On arrival at the laboratory each day, subjects had their FEV1 measured in triplicate and this was repeated 10 min later to confirm stability. On the treatment days patients were asked to confirm the times the tablets were taken. After spirometry, a nose clip was applied and subjects then performed the challenge with doses consisting of 0 (empty capsule acting as a placebo), 5, 10, 20, 40, 80, 160, 160, and 160 mg of mannitol via the Halermatic. The 80- and 160-mg doses were given in multiple doses of 40-mg capsules. After inhalation of each capsule, patients were instructed to hold their breath for 5 s. At least two repeatable FEV1 maneuvers were performed 60 s after each dose and the highest FEV1 was used in the calculation. The FEV1 value measured after the 0-mg capsule was taken as the prechallenge FEV1 and used to calculate the percentage decrease in FEV1 in response to the mannitol challenge. If the subject had a greater than 10% decrease in FEV1 in response to a single dose, the same dose was repeated. The challenge ceased when a positive response, that is, a 15% decrease in FEV1, was documented or a cumulative dose of 635 mg had been administered. The PD15 was calculated by linear interpolation of the relationship between the percent decrease in FEV1 and the cumulative dose of mannitol required to provoke this decrease. The time of each challenge was recorded with a stopwatch. Timing commenced on administration of the first dose (0-mg capsule) and stopped when the desired airway response was obtained.

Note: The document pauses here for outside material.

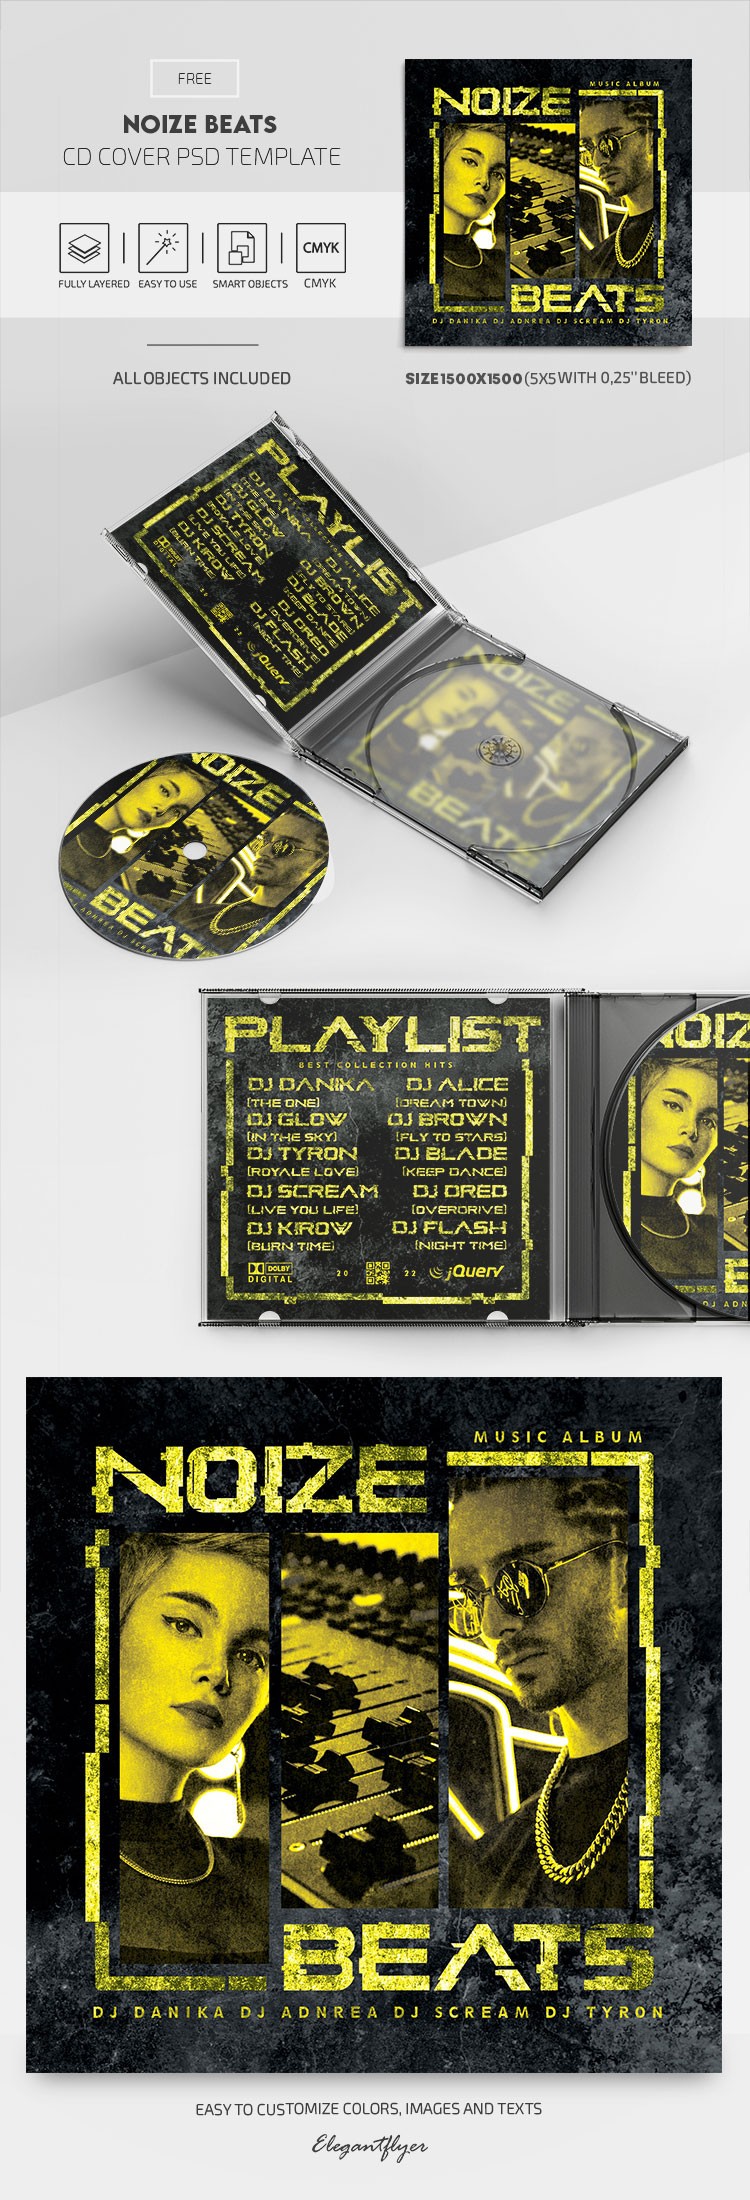 Noize Beats CD Cover by ElegantFlyer

For the subjects who enrolled in the montelukast protocol, immediately after the challenge on the control day 200 µg of salbutamol was administered via a metered dose inhaler (Airomir; Hoechst Marion Roussel) actuated into a spacer device (Breath-A-Tech; Scott-Dibben, Newcastle, NSW, Australia).
After the active and placebo challenges patients recovered spontaneously. Recovery from all challenges was monitored by obtaining repeatable measurements of FEV1 at 5-min intervals for 30 min after completion of the challenge. If the subjects had not achieved their baseline FEV1 by 30 min after completing the challenge then 200 µg of salbutamol was administered.
Statistical Analysis
The geometric mean (Gmean) and 95% confidence interval (CI) of the PD15 were calculated, using the log-transformed values that were normally distributed. The Student paired t test was used to compare the values between active drug and its placebo (17). The repeatability of the PD15 to mannitol was calculated in 10 subjects who took part in both studies and who thus performed two control day challenges. The repeatability was calculated to be within ±1.0 doubling dose and a median (range) of 15 (13) d separating the two challenge tests (18). Thus, in an individual subject, the drug was considered to have a significant effect if the PD15 was beyond one doubling dose of the PD15 obtained in the presence of placebo.
For the montelukast protocol the area under the percent reduction in FEV1-versus-time curve over the 30-min recovery period (AUC0- 30) after the mannitol challenges was calculated, using trapezoidal integration. For this analysis values that exceeded the baseline FEV1 were considered as if the FEV1 had returned to the baseline value. Tests for significance in recovery of lung function were performed, using the AUC0-30 values and using an analysis of variance (ANOVA) with repeated measures. Percent protection, using the values for AUC0-30, was calculated for those subjects who were administered the same total dose of mannitol. FEV1 values are expressed as the percent predicted normal FEV1. Unless otherwise stated values are expressed as means ± SD.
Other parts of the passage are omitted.